Step 3 : Install additional SDKs on the system which will mainly be placed on the external uSD-card

Reviving your Blox

It’s important to have the following items at your hand:

  • A Ubuntu 18.04 system with the latest NVIDIA SDK installed

  • Our Blox programmer cable 

  •      And of course your broken Blox

Step 1 : Connect the programmer cable

Every Blox has a programming connector, this programming connector can be found in the communication slot. Therefore you need to remove the red cover of the communication module. To connect the Blox programmer, you need to plug the pogo-pin connector of the programmer to the programming connector as shown in the picture below.

Step 2 : Start the SDK

First you need to place the Blox in recovery mode. For doing so, you have to hold the programming button whilst the BLOX is NOT powered. While holding the button, power the BLOX. When the BLOX has powered up, you can release the program button. The BLOX programmer also has the possibility to show the console terminal port. This can be done with following command

$ sudo screen /dev/ttyUSB0 115200

Where /dev/ttyUSB0 could be different on your system.  
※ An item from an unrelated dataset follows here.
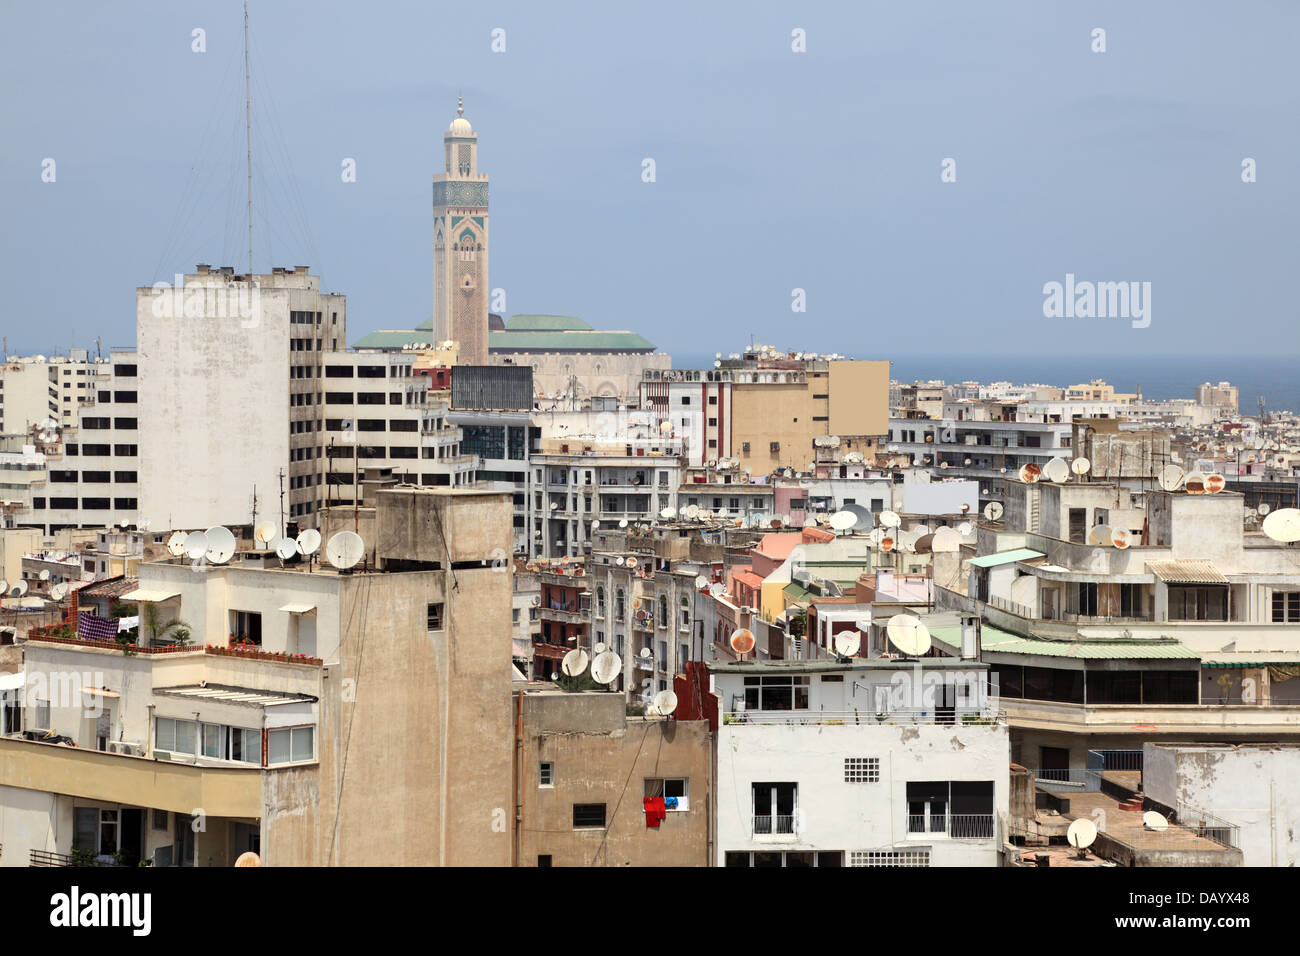 View over the medina of Casablanca, Morocco Stock Photo
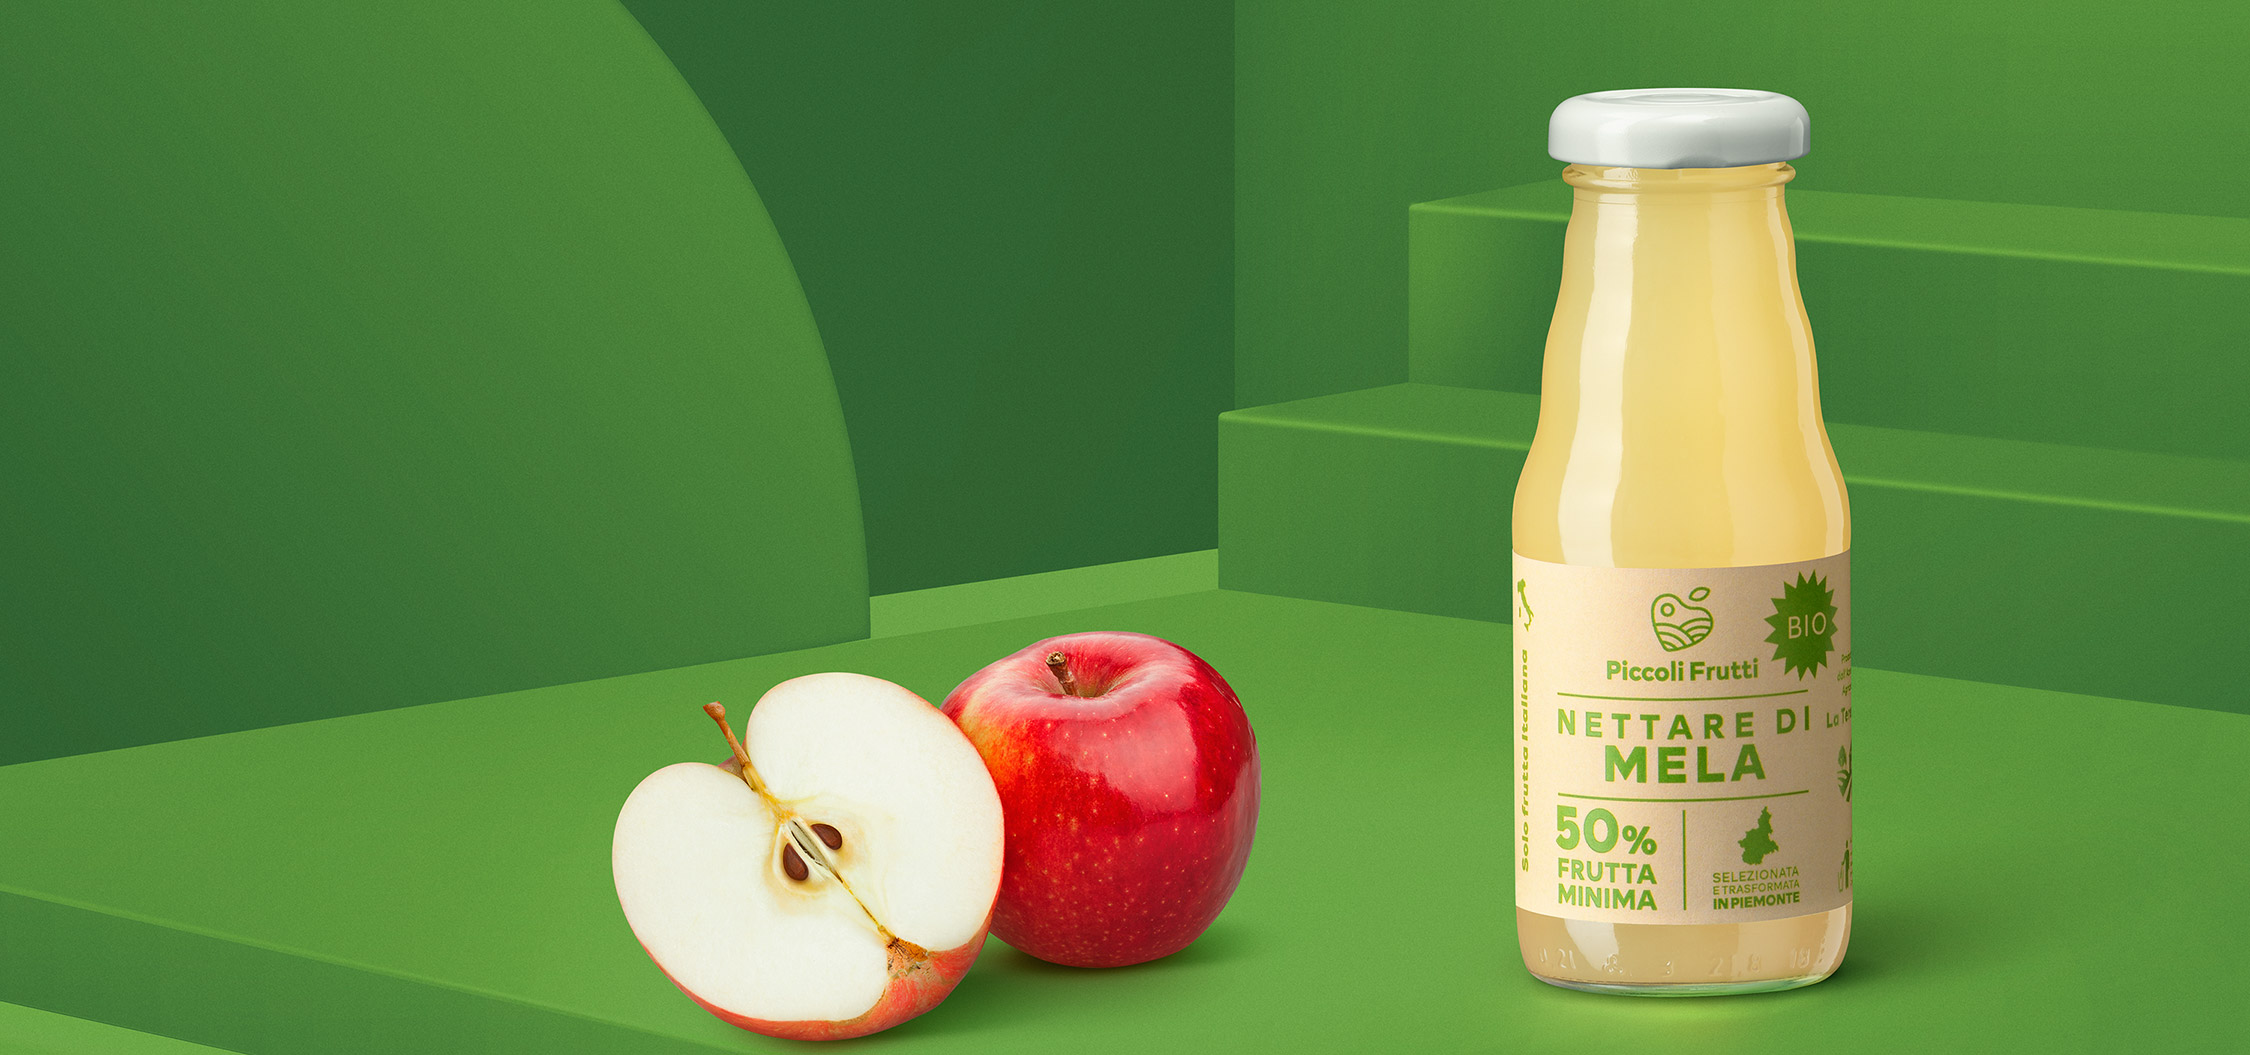 Produzione e lavorazione frutta biologica - Nettare di mela

The next step is to start the NVIDIA SDK. Once you have that you can follow the steps shown over there.

Step 3 : Install the SDK

This process consists of 4 steps, by following the on-screen instructions.

Step 3.1 
In the first screen in the SDK, you need to select your target hardware and your target operating system. 

You can verify if your BLOX is in programming mode by pressing the refresh button in the Target Hardware box. When the BLOX has been recognized, you will get a list of supported hardware targets as shown below.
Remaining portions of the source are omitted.